Tags: #Intriga, #Policíaco

—No hay ninguna prueba al respecto —dijo apartando la mirada—. Pero ya que lo dices, debes de saber algo.

—No sé nada —respondió él alzando la voz más de lo necesario—. Si te parece bien, mejor que dejemos el tema.

Aquella actitud intrigó a Esra, pero no insistió. Durante un rato caminaron en silencio por el sendero. Continuaron así hasta que ante ellos apareció el antiguo río lavado por la luz de la luna.

—Extraordinario —susurró ella al ver el Éufrates fluyendo como un camino de plata entre las dos orillas. Después de contemplar admirada el río, sacó el paquete de cigarrillos de la camisa y tomó uno. Al guardarse de nuevo el paquete en el bolsillo, se volvió hacia Eşref como si hubiera recordado algo en ese instante.

—¿Quieres uno?

Él no se hizo de rogar.

—Se van a enfadar los médicos, pero, bueno, voy a encenderme el segundo cigarrillo del día.

Esra encendió los de ambos. El humo impreciso se disolvió en la brisa mezclándose con el olor de las adelfas.

—Vamos a ver —dijo recordando la conversación de aquella mañana—. Hoy me estabas contando en el jardín de la comandancia cómo empezaste a fumar en Şırnak, pero de repente te interrumpiste…

El capitán se volvió y la miró largamente.

—Lo que iba a contar no eran cosas muy agradables.

—Pues deberías haberlo pensado antes de empezar a hablar —respondió ella con una voz cargada de reproche—. Lo que de verdad no es agradable es dejar a la gente muerta de curiosidad.

Al capitán no le ofendió la recriminación, al contrario, le agradó que le tratara como a un amigo de toda la vida.

—Si de verdad quieres saberlo, te lo contaré —dijo, y luego señaló con la mano hacia la izquierda, donde terminaban los juncales—. Mira, allí hay una roca. Vamos a sentarnos.

Se sentaron juntos. La brillante roca, después de arder todo el día al sol, todavía estaba templada. Cuando Eşref se movía, su brazo derecho rozaba el hombro izquierdo de Esra. Ambos se daban cuenta, pero ninguno pensó en apartarse.

—Fue a los seis meses de llegar a Şırnak —comenzó su narración el capitán—. Por aquel entonces todavía era teniente.
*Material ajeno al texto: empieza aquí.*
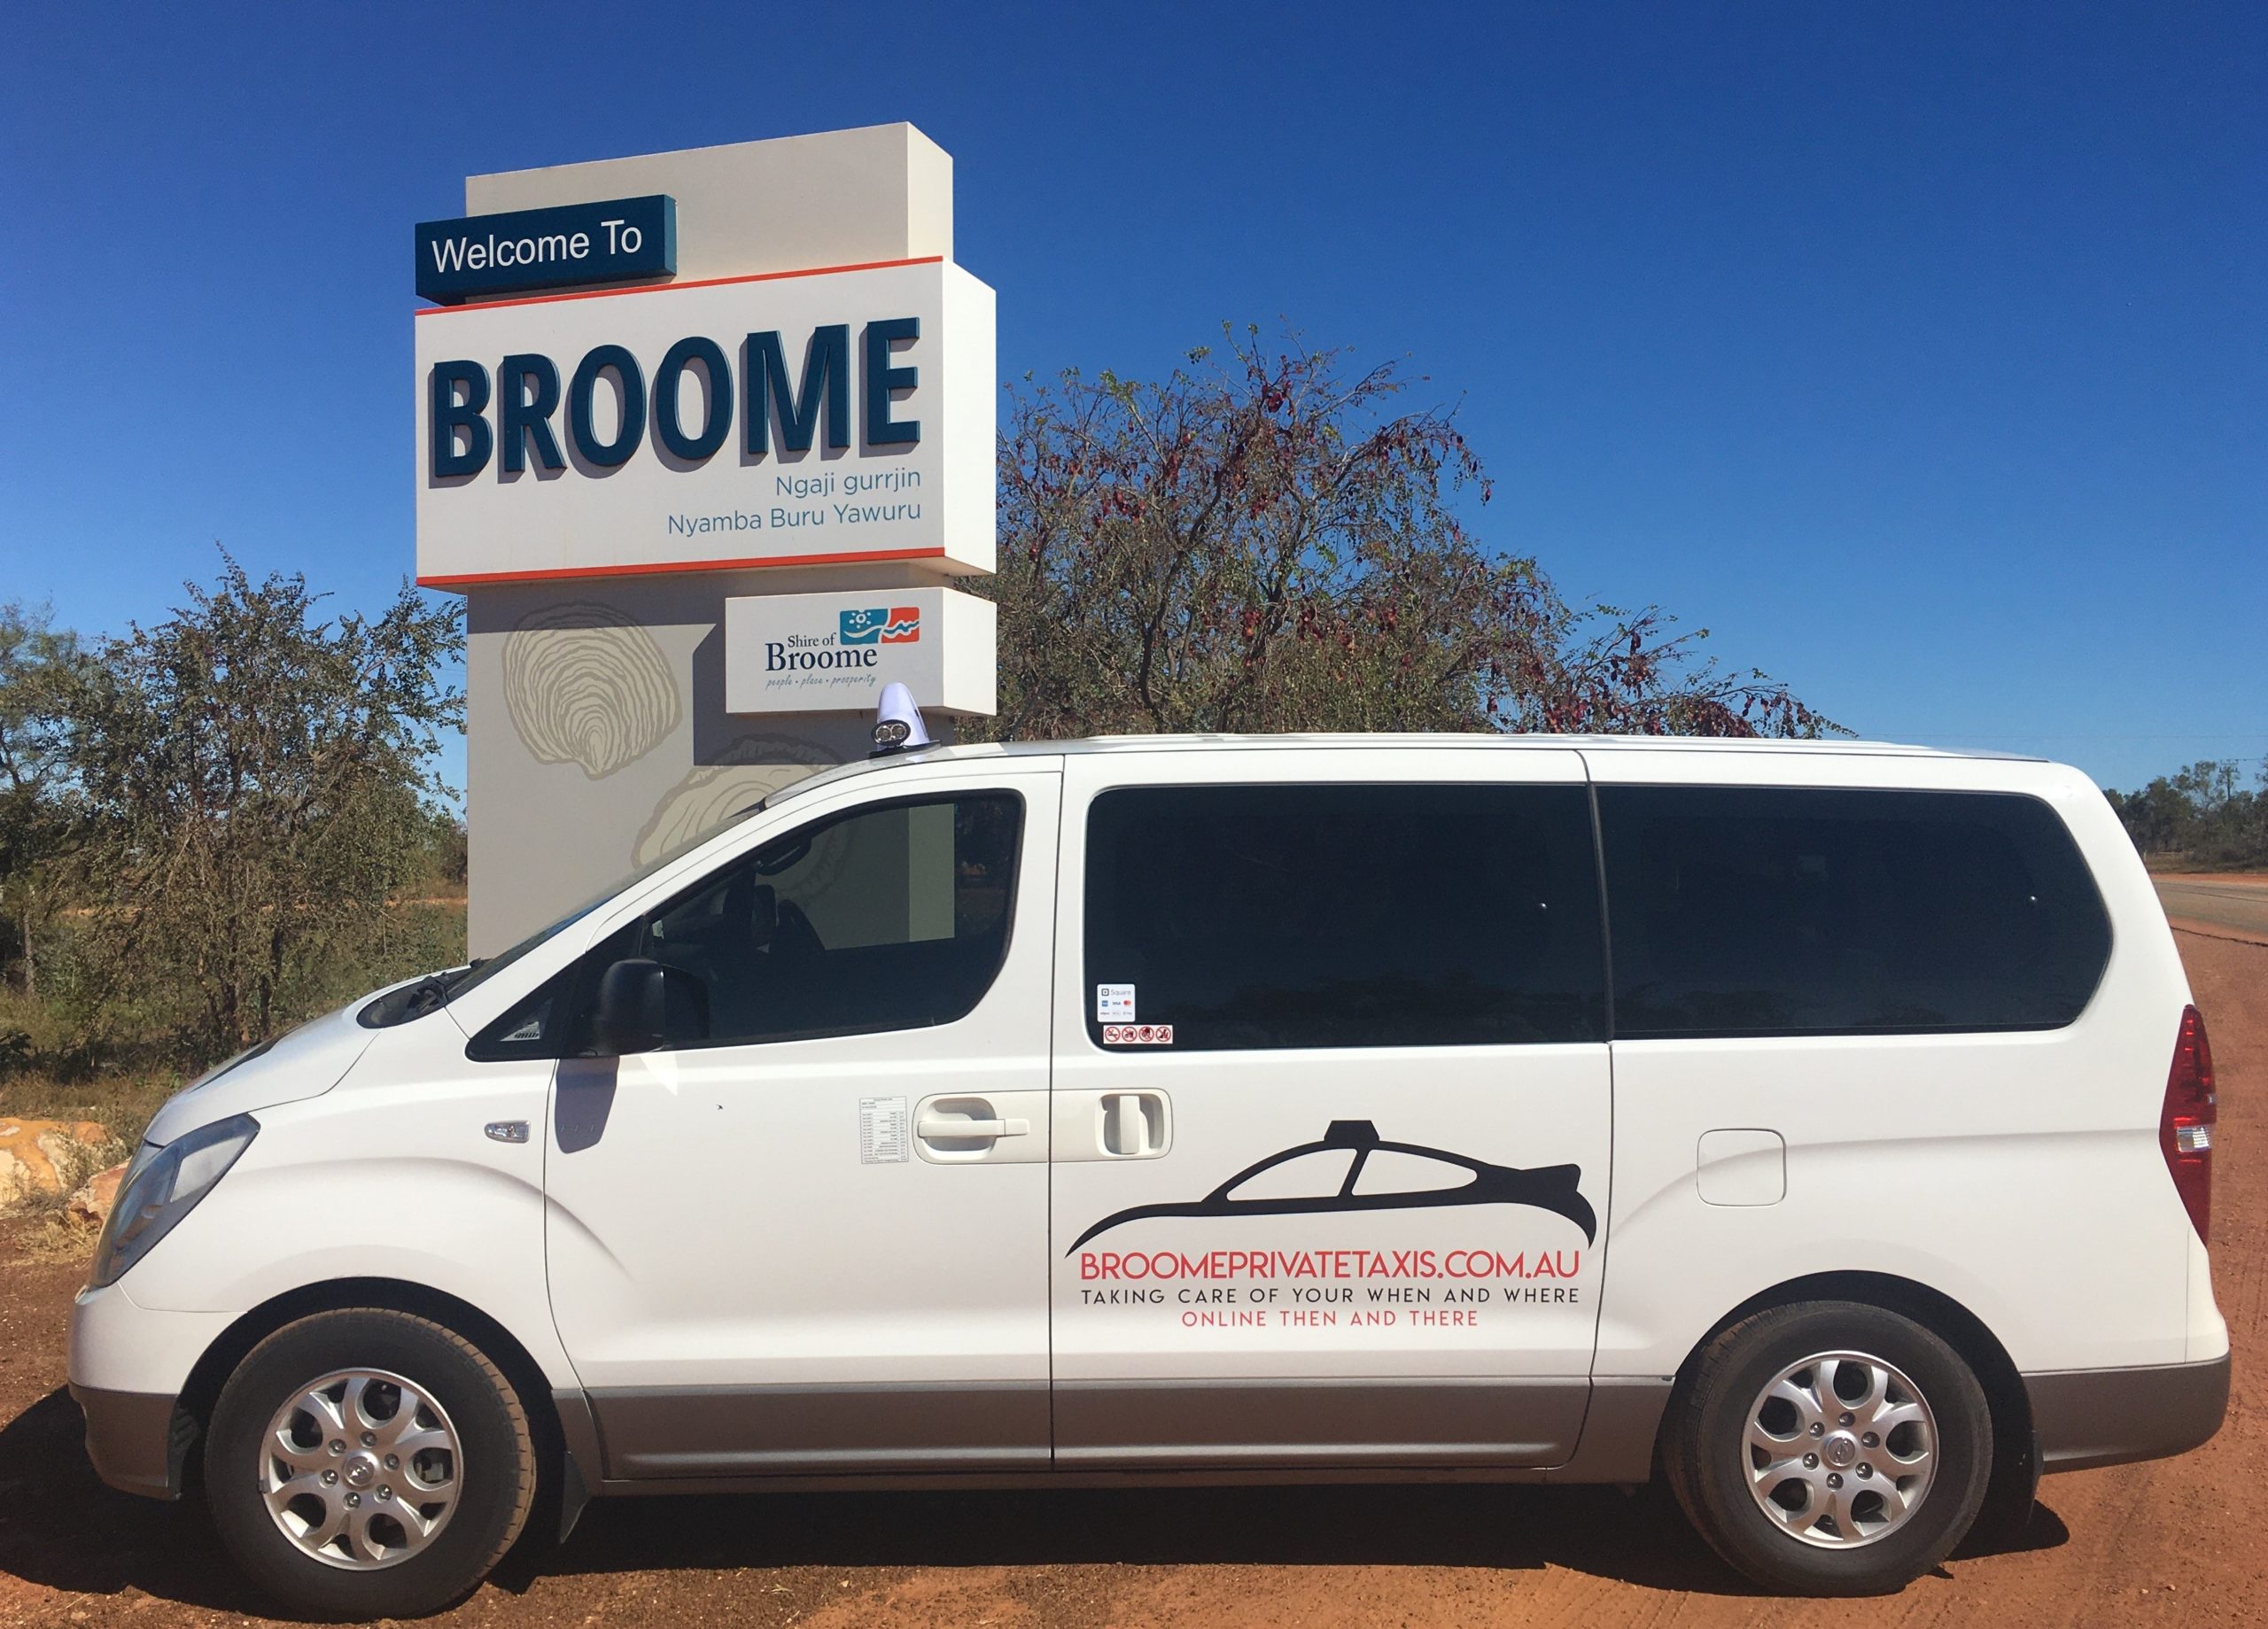 Use Broome Taxis when you stay at Seashells Broome

Estábamos en la montaña. Las operaciones se seguían unas a otras. La noche a la que me refiero me quedé dormido poco antes de amanecer. Entonces oí unas voces que llegaban de lejos, intermitentes. Abrí los ojos. Se me había olvidado dónde estaba. La mirada se me fue al cielo, que se iba iluminando lentamente. Nubes negras se volcaban unas sobre otras. De repente recordé que estábamos en la montaña. Moviendo a duras penas el cuerpo, entumecido por la humedad de la tierra, me incorporé en el saco de dormir. Vi que unos metros más allá había dos hombres que discutían. Al sargento Reşit se le distinguía enseguida porque era muy corpulento, pero no pude identificar al otro.

»—¿Qué pasa ahí? —grité furioso.

»El sargento Reşit se puso firmes de inmediato y me contestó:

»—Seyithan quería hablar con usted, mi teniente —su voz sonaba profunda, como si estuviera dando parte—. Le he dicho que estaba durmiendo, pero no me escucha…

»Mi mirada se deslizó hasta Seyithan, que permanecía de pie junto a Reşit. Aunque no le veía la cara, podía sentir su sonrisa despectiva. Se me acercó ignorando al sargento.

»—Levántese, teniente. Ha llegado el momento.

»Mientras Reşit nos miraba sorprendido, intentando comprender lo que ocurría, Seyithan continuó hablando:

»—Los he encontrado. Están en un refugio. Bedirhan y otros hombres… A media hora de camino. —Como tardé en responder, su atrevimiento se convirtió en desprecio—. ¿O es que no va a venir? Me había dado su palabra…

»—Muy bien, iré —le interrumpí con firmeza saliendo del saco de dormir.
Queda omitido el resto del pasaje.